What’s your favorite song(s) to sing/hum? It kind of changes a lot. Right now it’s “I’m a Member of the Midnight Crew” and Tennessee Ernie Ford’s “Sixteen Tons”. Check back in two months and it’ll be something completely different.
What’s your favorite flower/tree/plant? Roses. Oak trees. Mistletoe. Can’t believer I actually had an answer for all those.
Favorite colors? Red and black, because I’m still a fucking edgelord at heart.
What do you always doodle? I usually write lists or thoughts. When I do doodle, it’s attempts at monsters and dragons.
How do you take your coffee/tea? COFFEE. GET THAT WEAK LEAF JUICE SHIT OUT OF HERE.
Favorite candle scent? I think it was called ‘Sea Shore’ or ‘Sea Breeze’ or something.
Sunrise or sunset? Sunset, always. I hate sunrise. It always comes too soon, and the freaking birds start singing and the weekend’s half over and bleargh.
What perfume do you wear? I just wear deodorant.
Favorite quote? “...he died saving me. I said, ‘I’m not worth it.’ He said, ‘Everyone’s worth it.’”
Favorite self-care routine? Full introvert burrito. Blanket on the couch downstairs. Soda, snacks, pizza. Pile of books to skim through. Youtube on the tv. The distinct knowledge that there are people upstairs that I could interact with anytime, but I don’t, and they respect that decision because they love me.
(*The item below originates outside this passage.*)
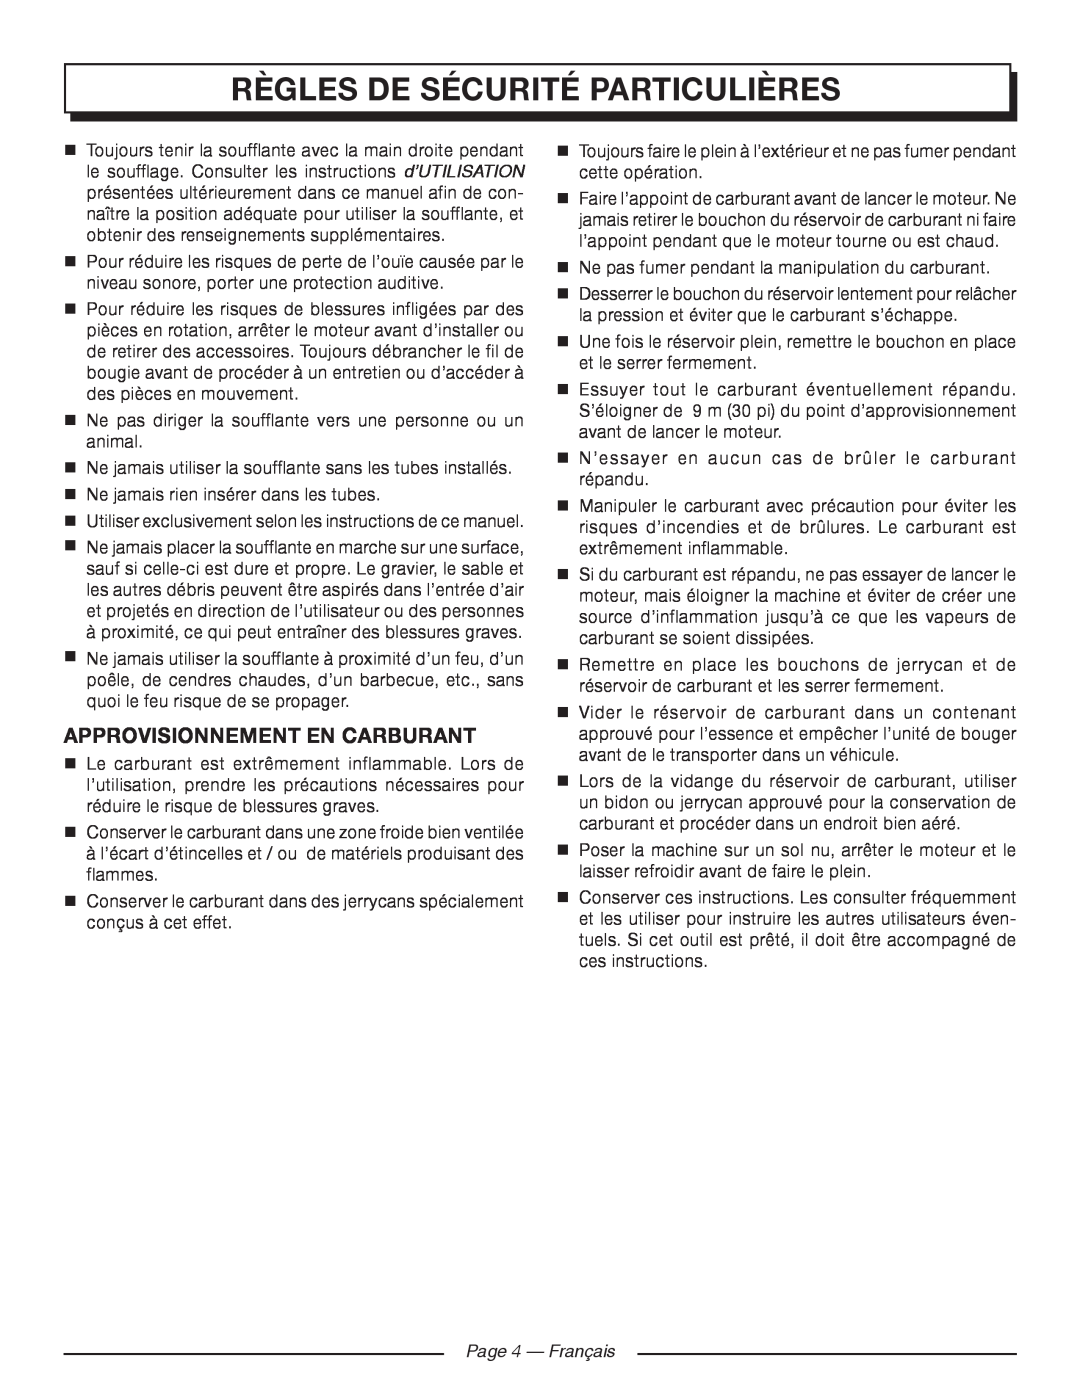 Homelite UT09520 manuel dutilisation Règles De Sécurité Particulières, Approvisionnement En Carburant, Page 4 - Français 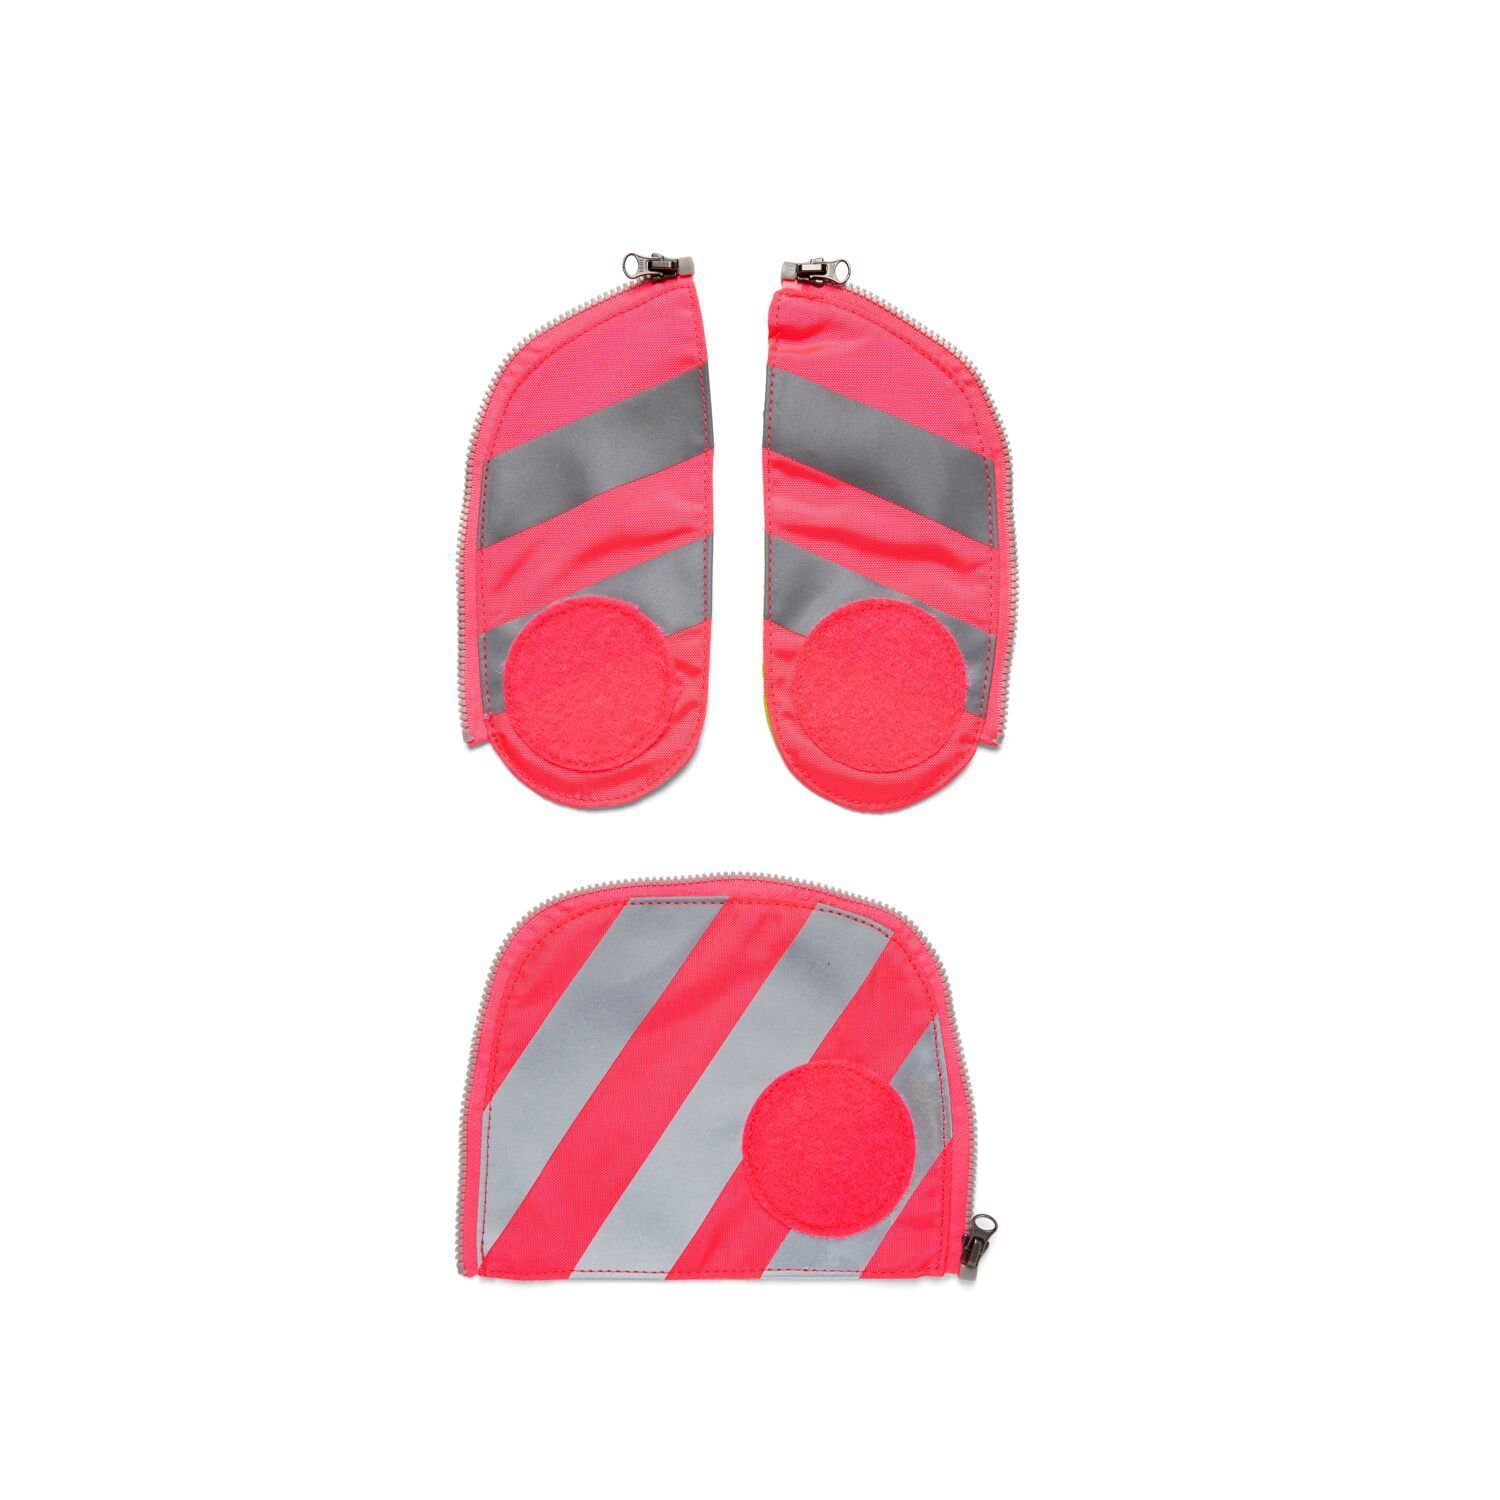 ergobag Schulranzen Fluo Zip-Set Pink 002-511 Sichtbarkeit Reflektorstreifen (3-teilig), mit Sicherheits-Set fluoreszierender Stoff, Pink

Fuzzy socks or house slippers? Socks. We all dream of slippers, but socks are more practical. Sooner or later, your feet are going to get hot and need fresh air. At that point, it comes down to what is easier to take off and manage.
What color are your eyes? Blue.
What’s your favorite eye color on others? Always been partial to green, but bright blue and dark eyes are pretty too.
Favorite season? Why? Autumn, when it actually acts right. The chill in the air. The colors. The food. And, of course, Halloween.
Cheek, neck, or nose kisses? Beggars. Choosers. Mutual exclusivity etc.
What does your happy place look like? An armchair in a bookstore, surrounded by shelves. A table next to me with a white chocolate frappucino and a stack of books.
Favorite breed of dog? PUG. PUG PUG PUG PUG PUG PUG PUUUGS. WANTED ONE SINCE I WAS FIVE. PUUUUUUG. WOULD NAME HIM PARSIFAL. (Parsi for short.) HE’D HAVE A LITTLE SWEATER. PUUUUUUUUG.
Do you ever want to be married? If so, what colors would you pick for your wedding theme? Yes, and that kind of depends, doesn’t it? Season, location, the bride’s dress. Weddings are complicated.
Cursive or print? I have been explicitly told to keep away from handwriting. My cursive is so bad I use it as a cypher for my notes on counseling patients.
Favorite weather? Rain. A good, hard rain. Not fit for man or beast.
And now I pass this horrible curse on to @thedrunkenminstrel, @kelcipher, @frowningfoxbones, @thisragingpeace, and @queen-squids.